Und auch wütend – weil damals wie heute es immer Interessengruppen gibt, die gar kein Ende dieser Situation wollen. Krisengewinnler, Warlords, die aus dem Elend der Menschen noch Profit schlagen.

 

 

Etwas anderes: In den Aufzeichnungen zu diesen schweren Jahren ist mir aufgefallen, dass kaum ein Wort zu dem zu finden war, was „in der Kirche” los war. In den Jahrzehnten davor und auch später finden wir immer wieder und hauptsächlich Mitteilungen über kirchliche Baumaßnahmen, neue Traditionen, Veränderungen und Projekte. Aber in den Zeiten des Dreißigjährigen Kriegs und der immerhin fast 20-jährigen Zeit des Wiederaufbaus des Dorfes ist da kaum etwas zu finden. Erst danach geht es buchstäblich rund und an allen Ecken und Enden wird gebaut, renoviert. War das kirchliche und geistliche Leben in dieser schweren Zeit lahmgelegt? Was war da los?

Natürlich drängt sich dieser Eindruck auf. Aber ich muss vorsichtig sein: Die Chronik beschreibt vor allem sichtbare Veränderungen und Lebensäußerungen der Gemeinde. Was sich nicht auf den Seiten der Kirchenbücher niederschlägt, ist der Glaube der Menschen in dieser Zeit.

Wahrscheinlich wird Gollhofen keine Ausnahme gewesen sein: Wir reden von einer Zeit, wo Menschen ihre Frömmigkeit in aller Stille entdeckten. Da war es nicht so wichtig, wie prächtig der Schalldeckel der Kanzel geschmückt ist. Die Fragestellung der Menschen, die Paul Gerhardts Lieder sangen und Johann Arndts Andachtsbücher lasen, war eine andere: Wie kann ich mein geistliches Leben an Jesus Christus orientieren? Wie kann mir mein Glaube auch in schwerer Zeit, in Krisen, in Anfechtungen und Not helfen?

 

Ich weiß nicht so recht, ob man da einen Zusammenhang herstellen kann oder darf  – zwischen der Lebenssituation während des Krieges oder dieser damals neuen Tendenz der Frömmigkeit, sie sich nach innen orientierte. Aber doch sehe ich, wie der Glaube der Menschen damals seinen Weg gefunden hat, nicht unterzugehen, sondern in den Menschen lebendig zu sein und ihnen Kraft zu geben.

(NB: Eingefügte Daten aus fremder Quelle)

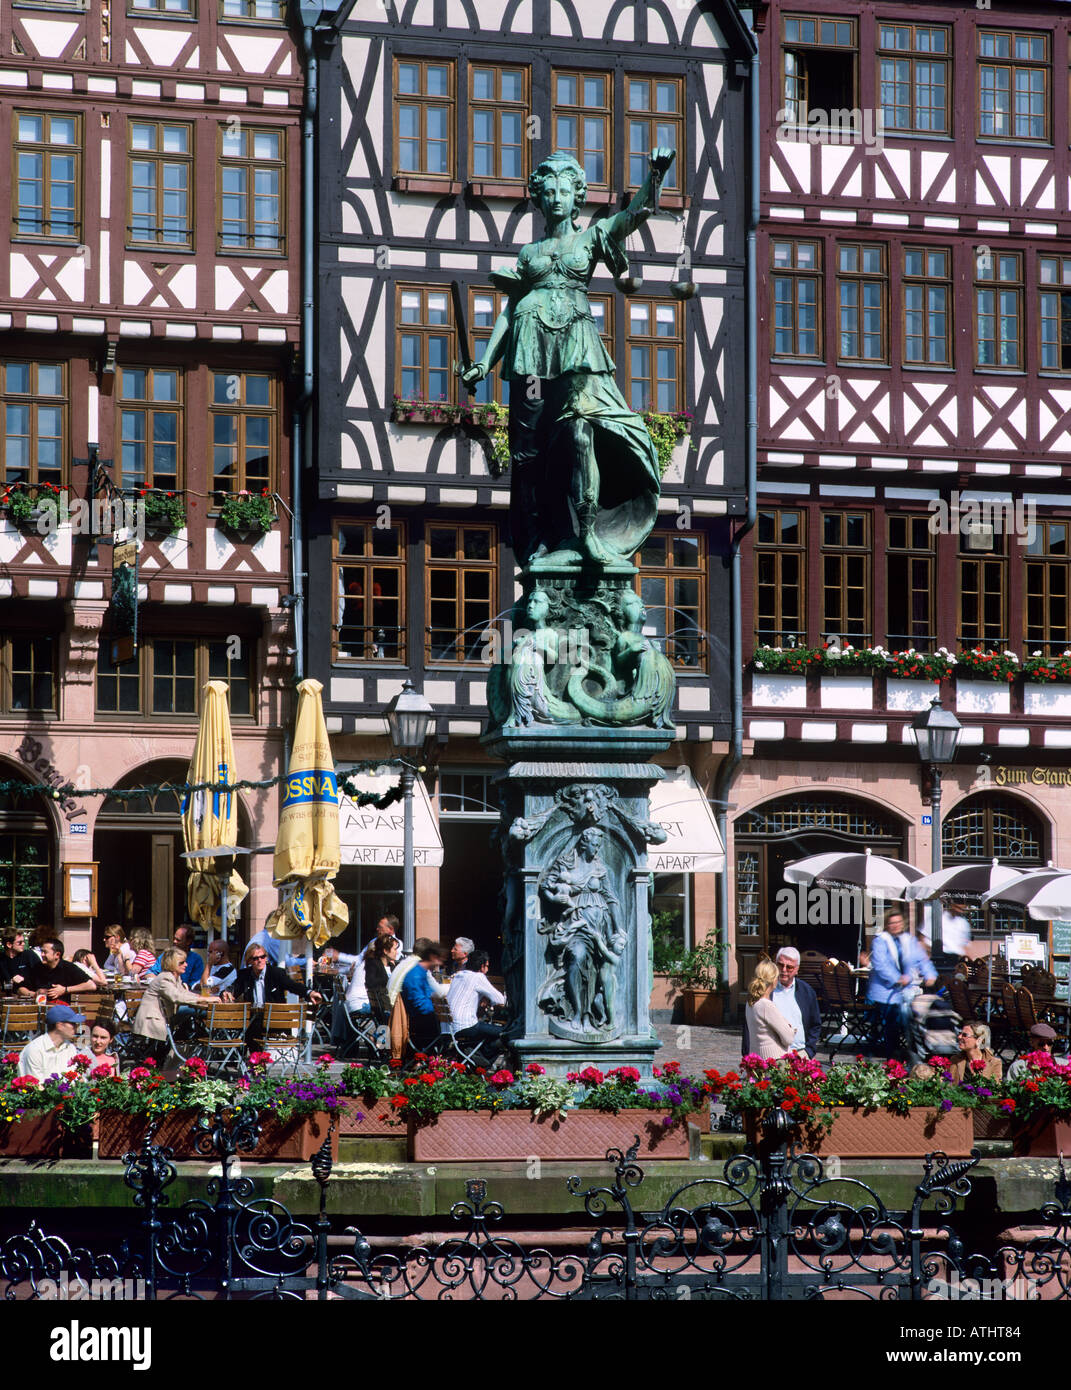 Reconstructed 'half-timbered' buildings and the Gerechtigkeitsbrunnen statue in Romerberg Square, Frankfurt am Main, Germany. Stock Photo

De Glaube hat nicht aufgehört – obwohl die Frage „warum lässt Gott das zu” sicher für viele immer wieder im Raum stand. Die Berichte vom geistlichen Leben, dass dann nach den Kriegsjahren auch wieder nach außen sichtbare Blüten gezeigt hat, spricht da Bände.

 

Und dieser Blick lehrt mich, und vielleicht auch ihnen, Respekt vor der Kraft, die in unserem christlichen Glauben steckt.